AI-Generated Code Breaks at Runtime. The Answer Is Hidden in Your Vibe Stack.
Cursor wrote it. Vercel runs it. Supabase stores it. Stripe processes it. When something breaks at runtime, each layer has its own failure signature, its own log format, its own retention window. Traditional debugging assumes you know which layer failed. With AI-generated code, you often don’t.
Five failure modes
Five Ways AI-Generated Code Breaks at Runtime.
The vibe stack moves fast. Cursor writes the code, Vercel deploys it, Supabase or Stripe sits underneath. When something breaks at runtime, the failure isn’t always where you’re looking. These five patterns are where AI-generated code goes wrong — and why they’re harder to find than bugs you wrote yourself.
The confidence gap. The model autocompletes with no uncertainty signal.
Cursor, Copilot, and every other AI coding tool generate code that looks correct. The autocomplete is confident. No warning when it’s extrapolating from thin context, no flag when the assumption only holds for the happy path. The code passes review because it looks like code that works. Tests pass because test data matches the happy path. It breaks in production because production has inputs the model never saw.
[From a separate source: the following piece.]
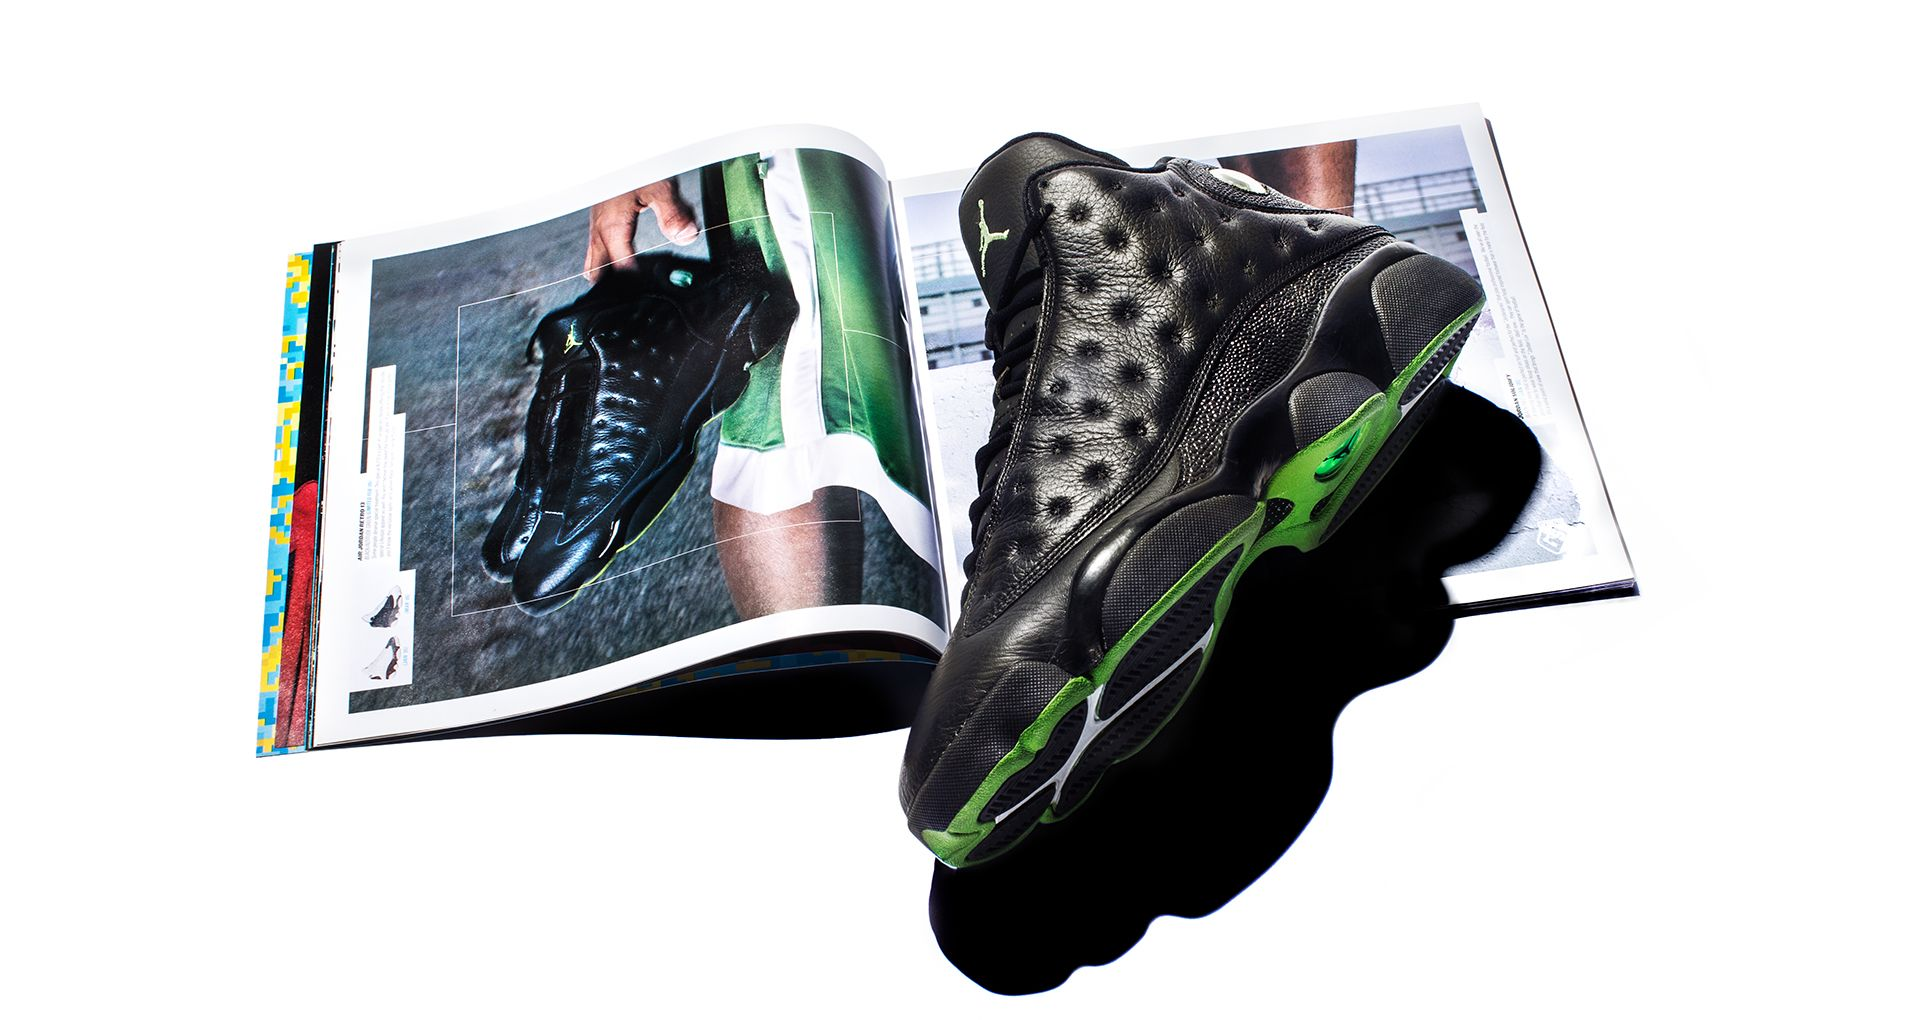 sale retailer 0dd0e 9d67f Inside The Vault: Air Jordan 13 Altitude Green. Nike+ SNKRS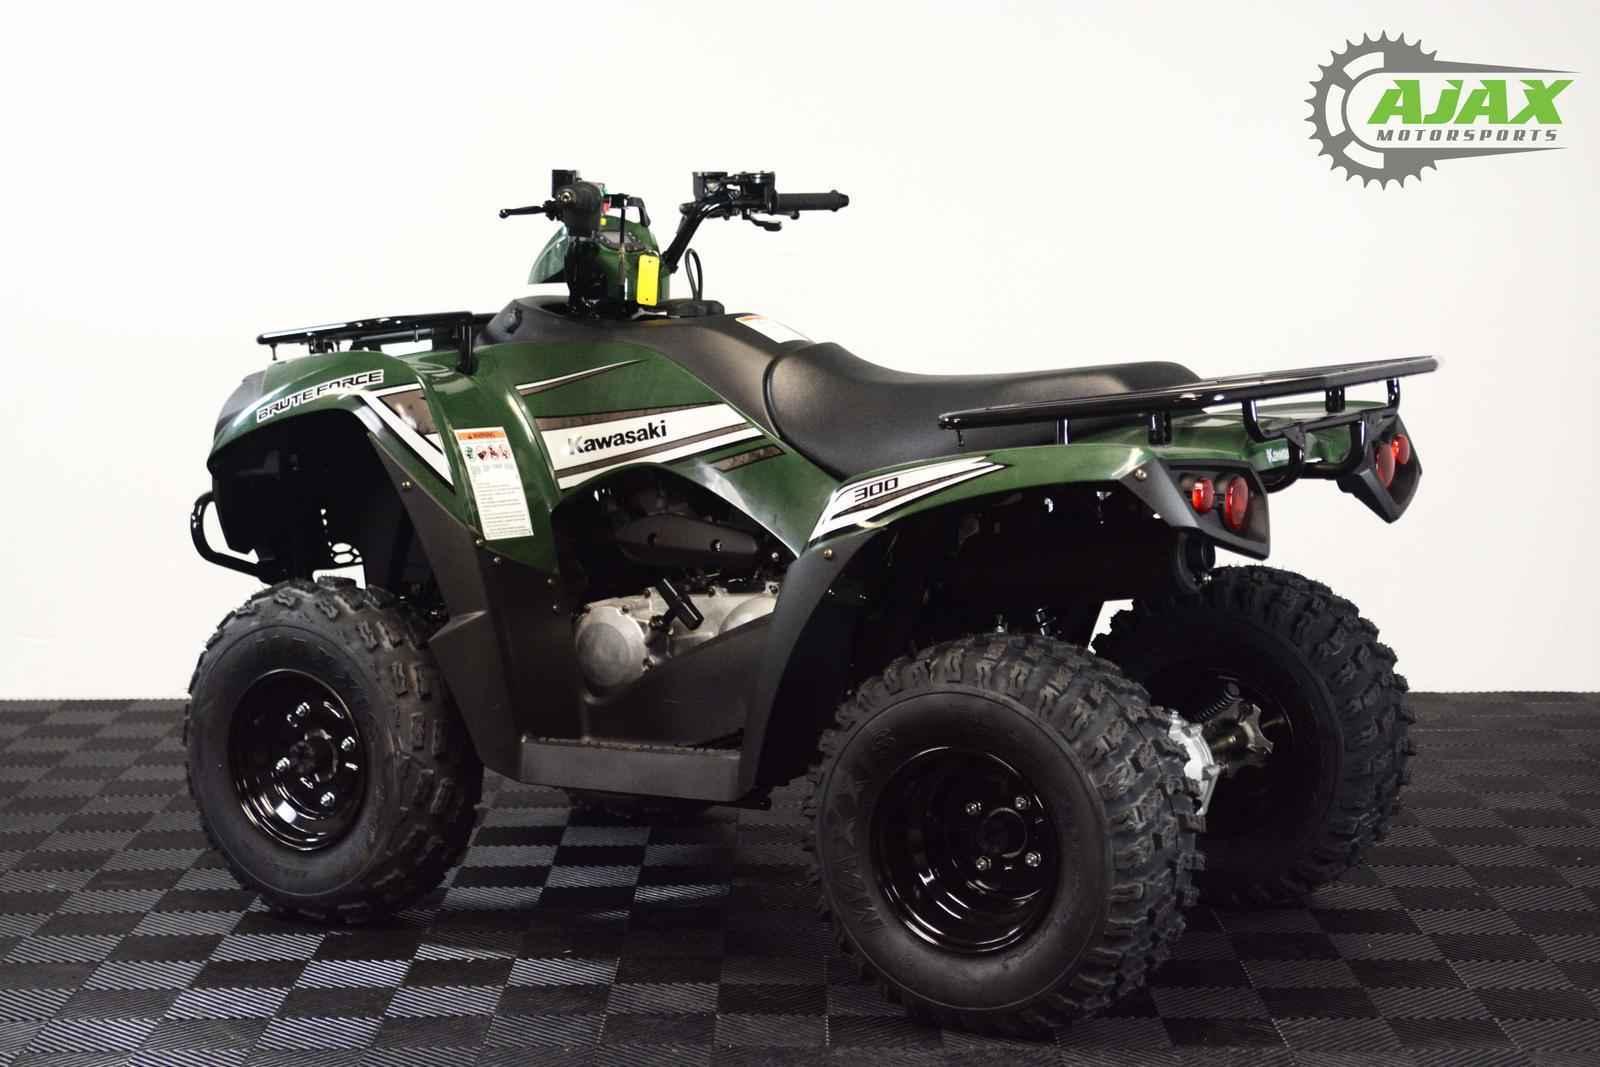 New 2017 Kawasaki BRUTE FORCE 300 ATVs For Sale in Oklahoma on ATV

Happy path training bias. Production inputs are the edge case AI never saw.
AI coding tools train on code that works — examples from open source, documentation, tutorials, and codebases where the happy path is the common case. Your production traffic is different. Real users send malformed payloads. Third-party APIs return fields conditionally. Rate limits hit at scale. Database queries time out on real data volumes. The model confidently generates code for the examples it learned from. The failures happen on the inputs it never saw.
Missing context at generation time. The AI wrote it without knowing your runtime.
When Cursor generates a function, it doesn’t know whether that function will run in Vercel’s Edge Runtime or a Node.js Serverless Function. It doesn’t know your Supabase RLS policies. It doesn’t know which Stripe event types include which fields. It generates code that’s correct for the most common context it’s seen. If your actual runtime is different — a V8 isolate instead of Node.js, a service role instead of a user session — the mismatch surfaces at runtime, not at generation time.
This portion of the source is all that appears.